Will there be any formal industry collaboration moving forward? I know that last time we talked, you made a point that Beckman [Coulter] has come in and helped develop new algorithms for your studies.

Yes, they've been great in helping us get set up, but we do not have a formal collaboration with them, or with Vala. But I would say that Beckman is ahead of the curve in working with a number of academic investigators in the development of new algorithms.

In the paper you also mentioned that future studies will likely require the generation of additional image-analysis algorithms. Did you have anything particular in mind?

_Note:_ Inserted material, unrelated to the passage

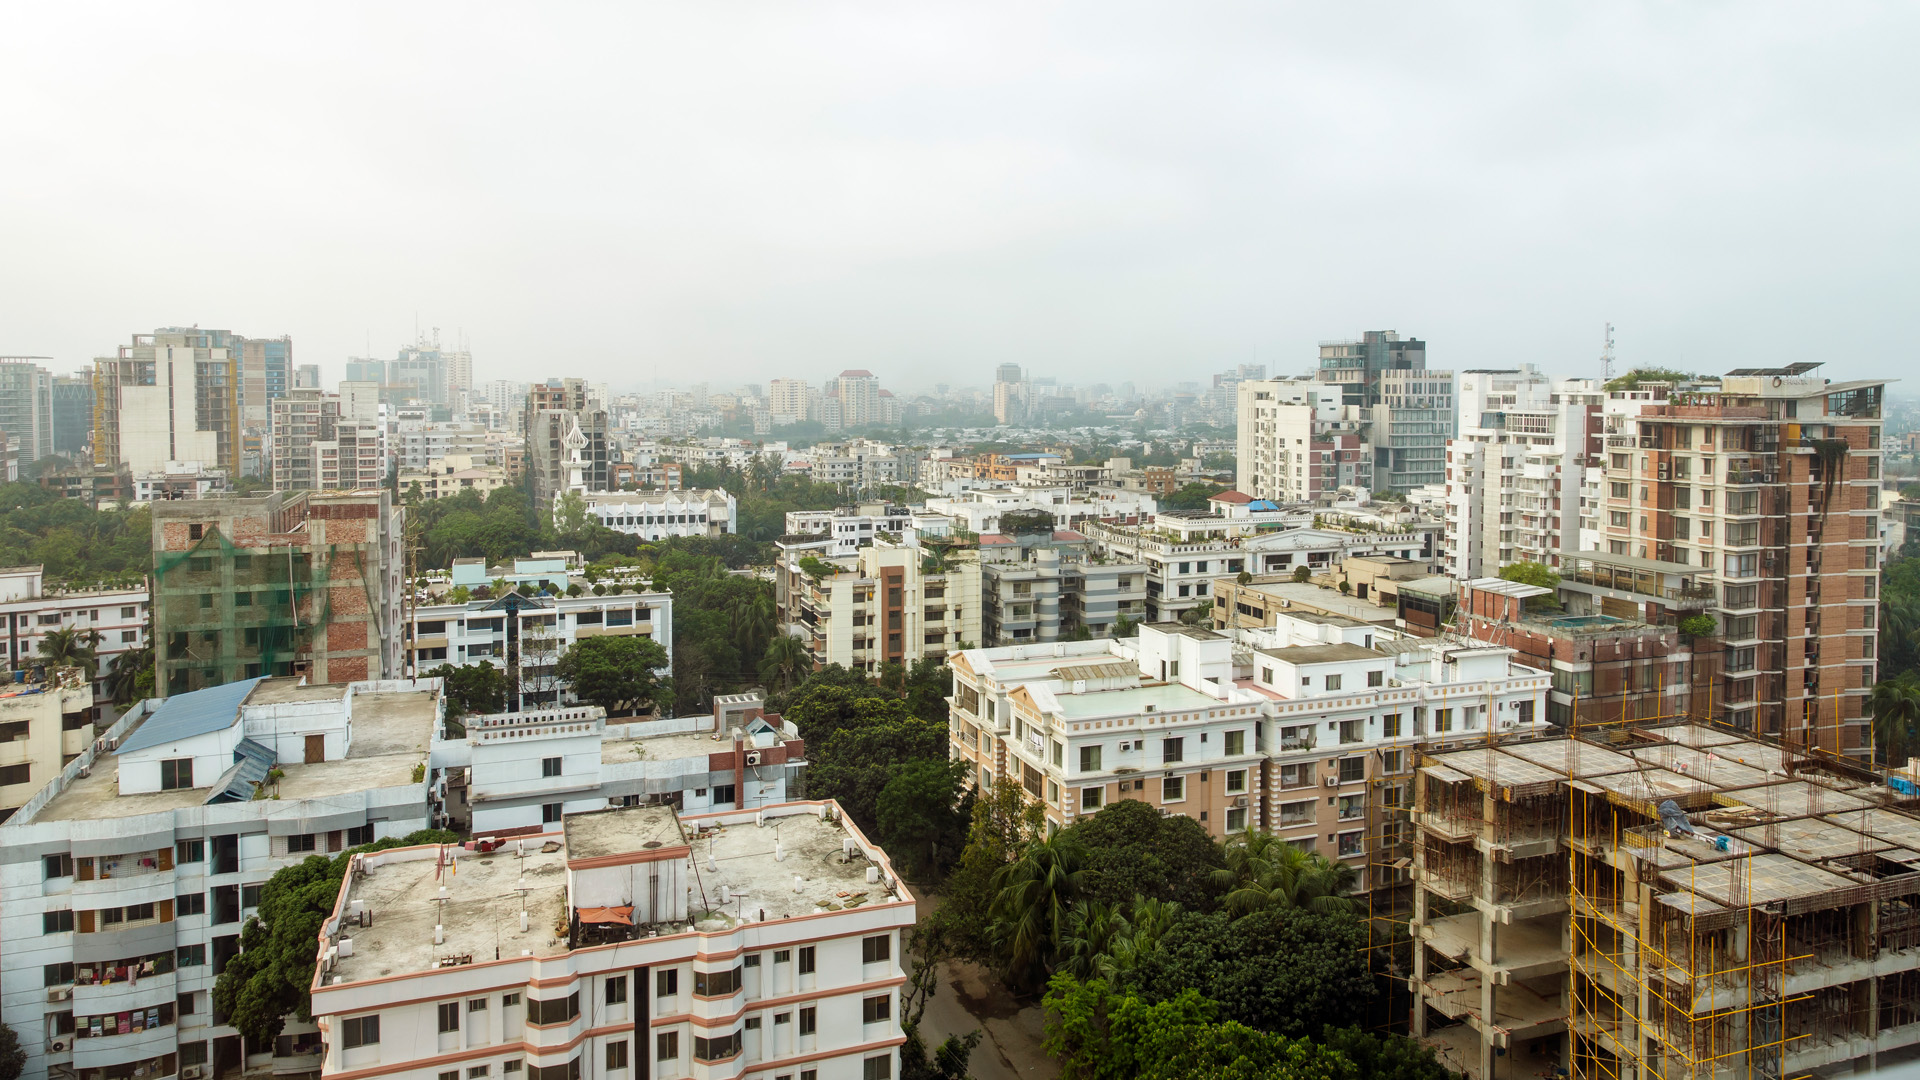 View of Dhaka, the capital of Bangladesh

We're interested in getting scientists from other sectors involved. Regarding the image-analysis problem — we mentioned in the press release [about this paper] that it's an adaptation of facial-recognition technology. The same problem is also seen in analyzing satellite images. I think that we need to get scientists involved from other industries where there have been similar needs, and where they have been looking at them for much longer than we have. So, for example, getting the folks at NASA involved might be beneficial. The way that I see the field going now is that there was a large period of technology development, and the focus now seems to be on making it more accessible to the average consumer or average investigator. It's nice to see companies like Vala who are still pushing the envelope of image analysis, and are focused exclusively on that space. Whenever you try to mass-produce something, it often comes at the cost of new technology development.